We conclude that the ALJ erred in determining that the plaintiff is not disabled because his pain which is “intractable” for heavy, moderate and light activity is not of such severity as to prevent sedentary activity. He did not address the question of whether Young’s residual capacity for extremely limited physical activity, which would theoretically permit the performance of sedentary jobs, included any transferable capabilities which would indicate an actual capacity to do such work. Noe v. Weinberger, supra. As this court has stated repeatedly, a claimant’s capacity to perform work must be evaluated in light of his age, education, work experience and impairments. See, e. g., Allen v. Califano, 613 F.2d 139, 147 (6th Cir. 1980); Hephner v. Mathews, 574 F.2d 359, 362 (6th Cir. 1978); Noe v. Weinberger, supra, 512 F.2d at 596.
The evidence discloses an illiterate person whose back impairment has disabled him from engaging in any work of the type he has previously done. By the time of the hearing, the opinion of Dr. McAllister that Young could do light work was outdated. There was no showing that this claimant, in his condition, with his work experience and education could perform any of the types of jobs referred to at the hearing. The Secretary offered no evidence that Young had the manipulative ability or visual acuity to perform any of the jobs mentioned by the vocational witness. On the whole record, we conclude that the Secretary failed to carry his burden of proof.

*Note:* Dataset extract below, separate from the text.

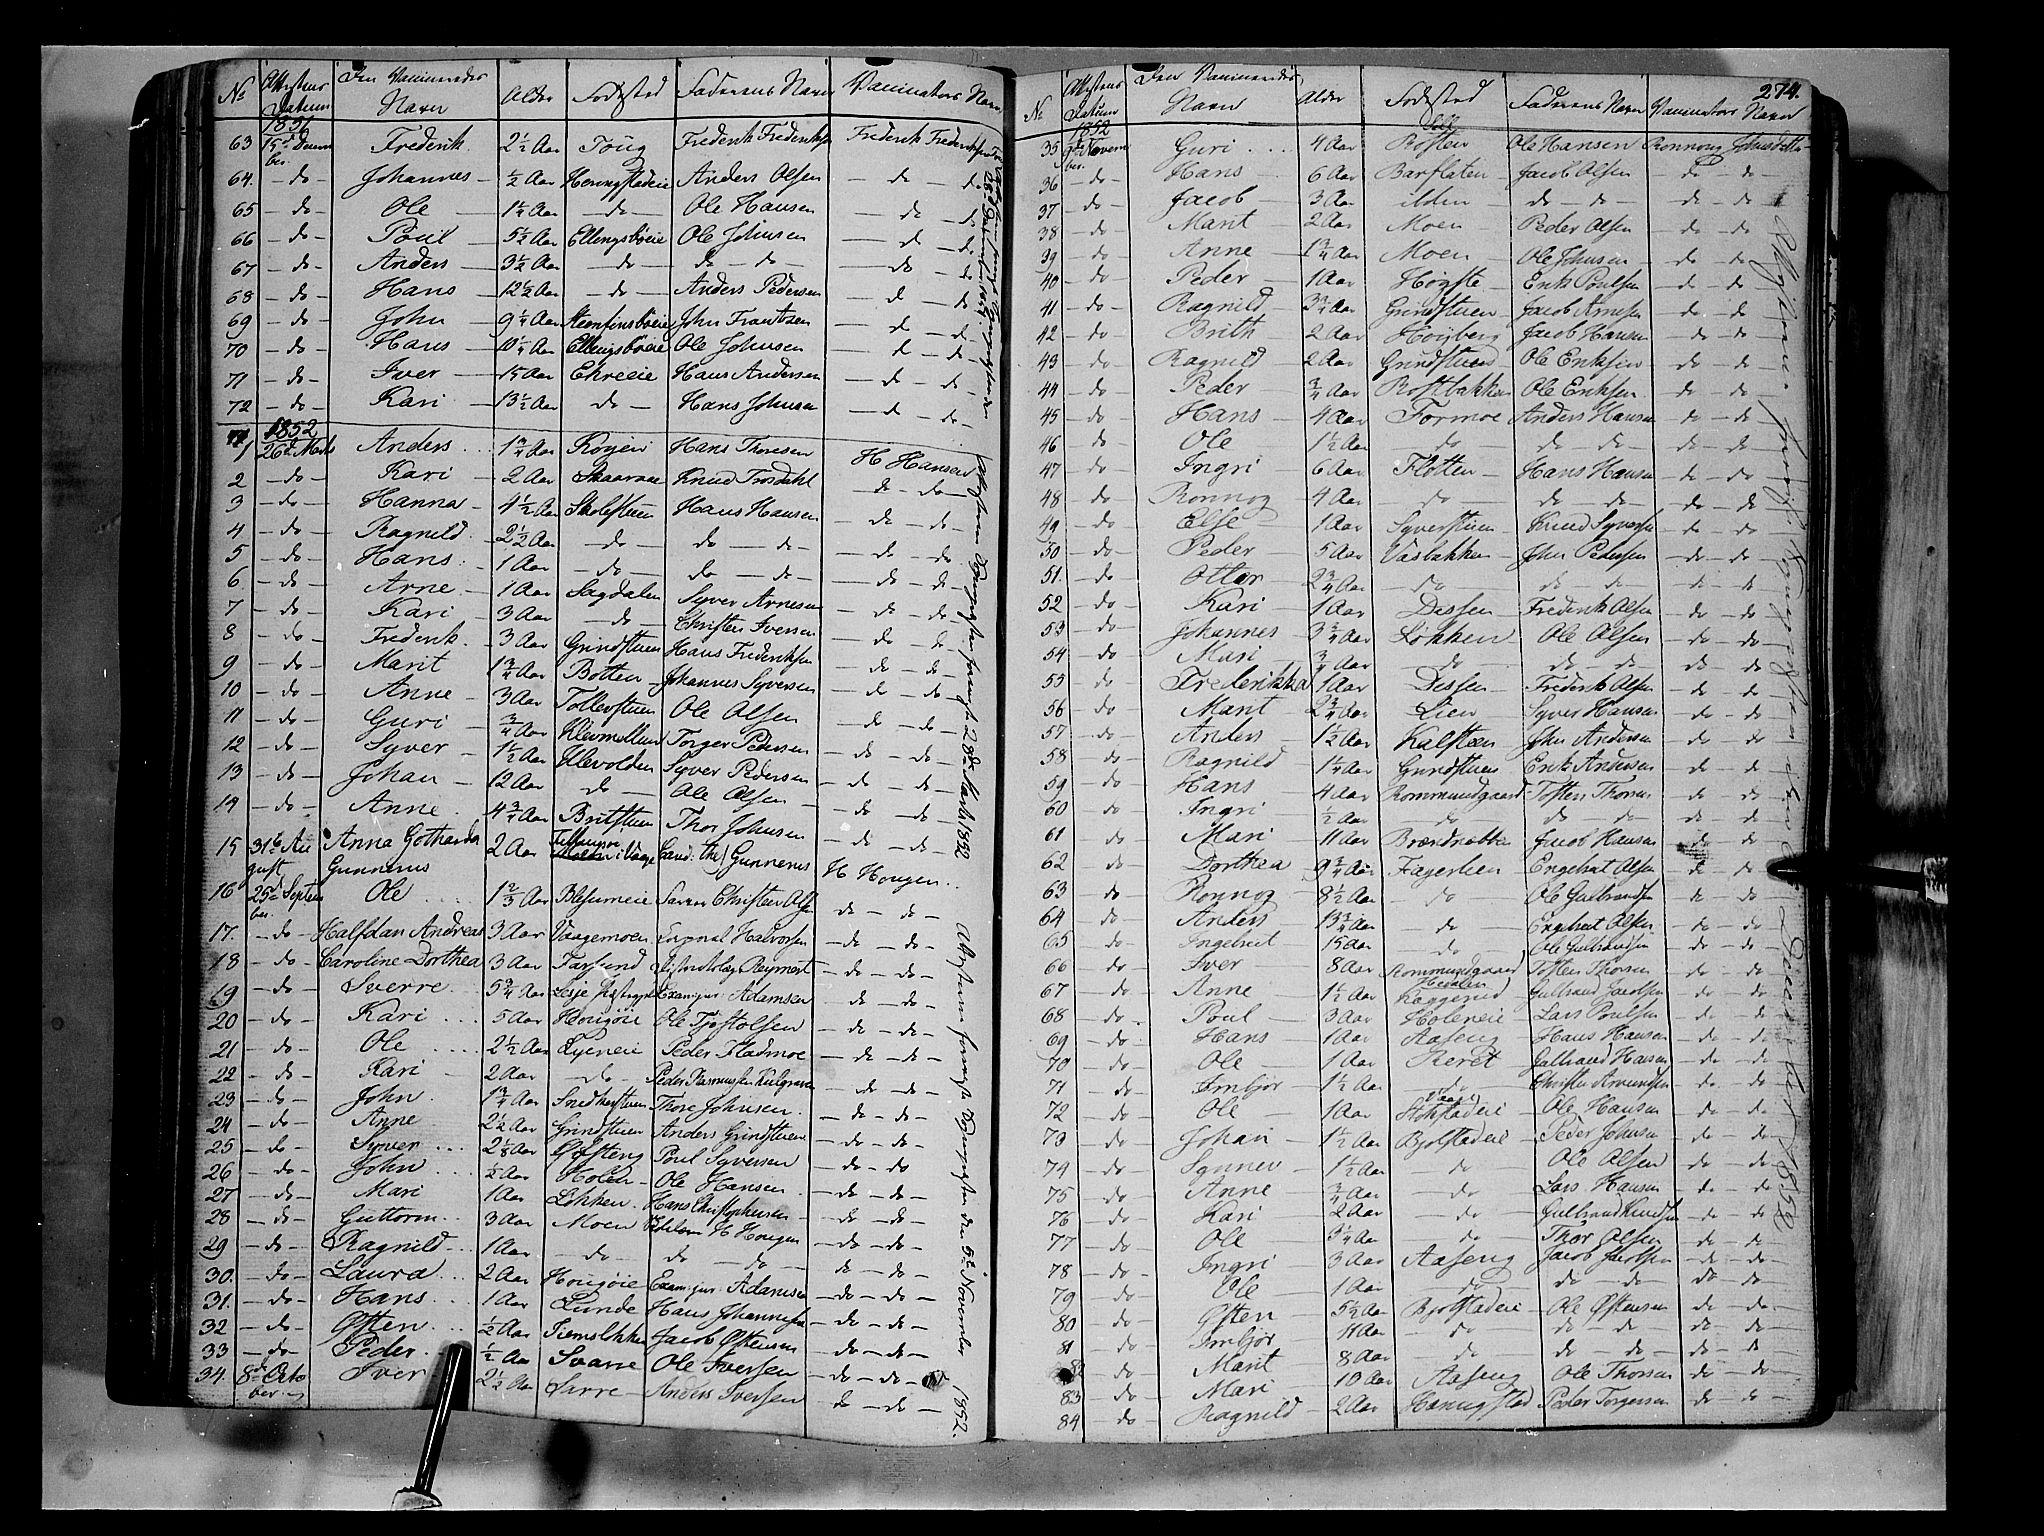 SAH, Vågå prestekontor, Ministerialbok nr. 5 /1, 1842-1856, s. 274
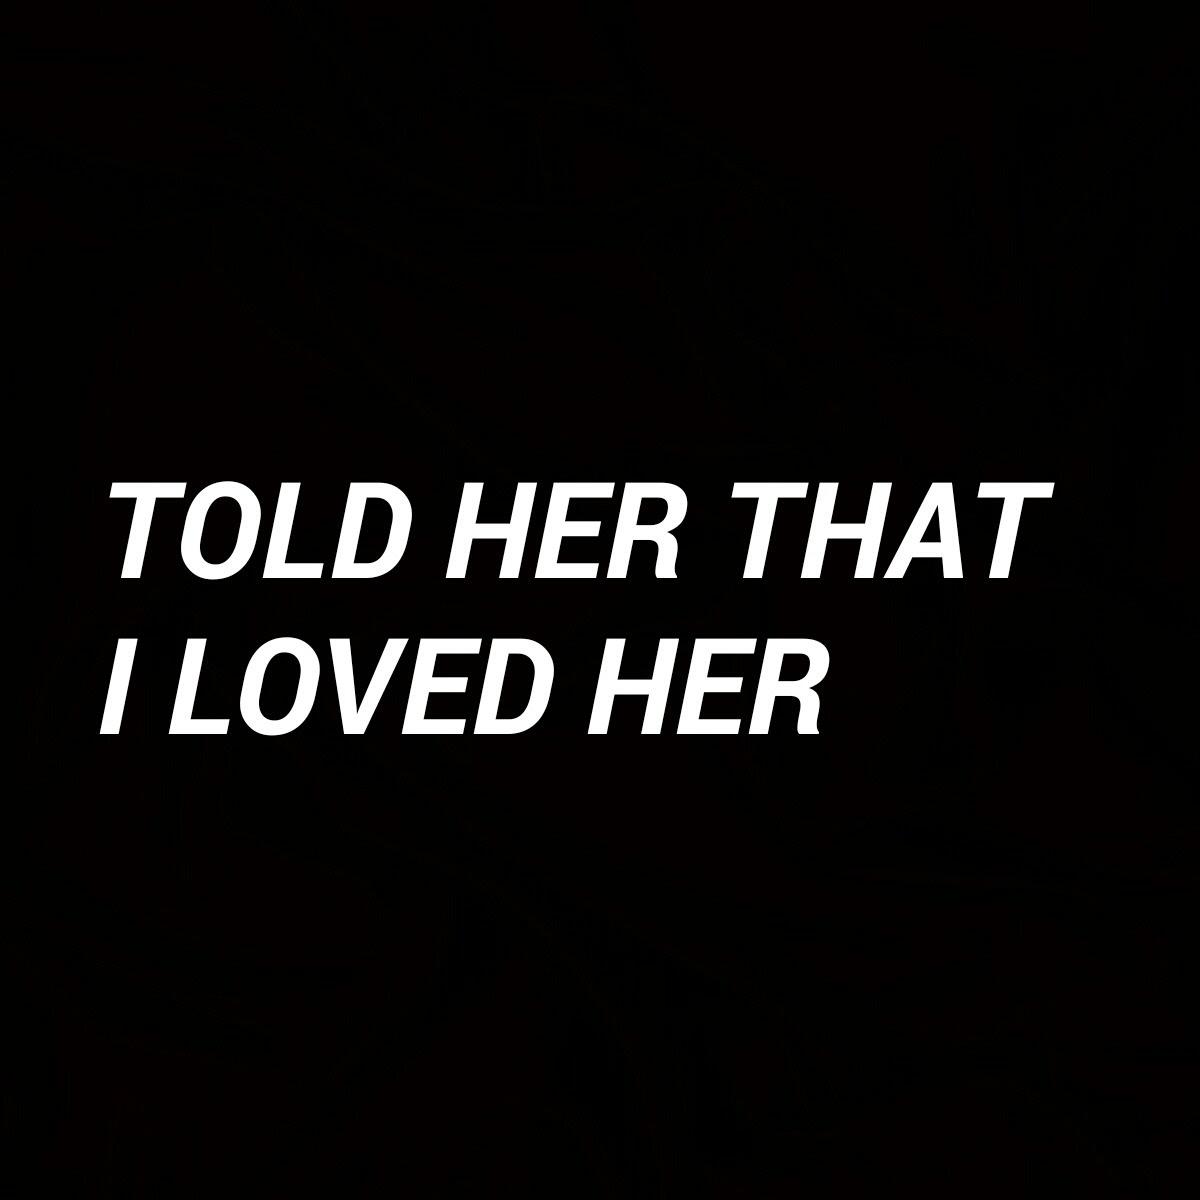 Love Quote Black And White Depressed Depression Quotes Lyrics My

Our inquiry does not end here. Since the Appeals Council and the district court agreed with the “no disability” determination, they did not reach the second basis on which the ALJ denied benefits-the plaintiff’s unwillingness to submit to a myelogram and possible surgery. However, this issue may be decided from the record before us. Regulations of the Social Security Administration provide for denial of benefits where a claimant willfully fails to follow prescribed treatment.2 There is no dispute that Young’s impairment lasted *473more than 12 months. There was no showing that he failed to follow any prescribed treatment. Young followed the prescription for complete bed rest, underwent traction, and tried the various braces and medications which were prescribed. The myelo-gram and possible operation were “suggested” and offered as alternative procedures. Though doctors recommended these procedures, no one appears to have prescribed them. Both Young and his wife gave explanations for his reluctance to submit to these procedures. There was no testimony that Young’s unwillingness to follow these particular recommendations constituted a willful failure to follow prescribed treatment. We conclude there was no basis in the record for the ALJ’s finding on this feature of the case.
The judgment of the district court is vacated and the case is remanded to the district court with directions that it be further remanded to the Secretary for entry of an order granting benefits.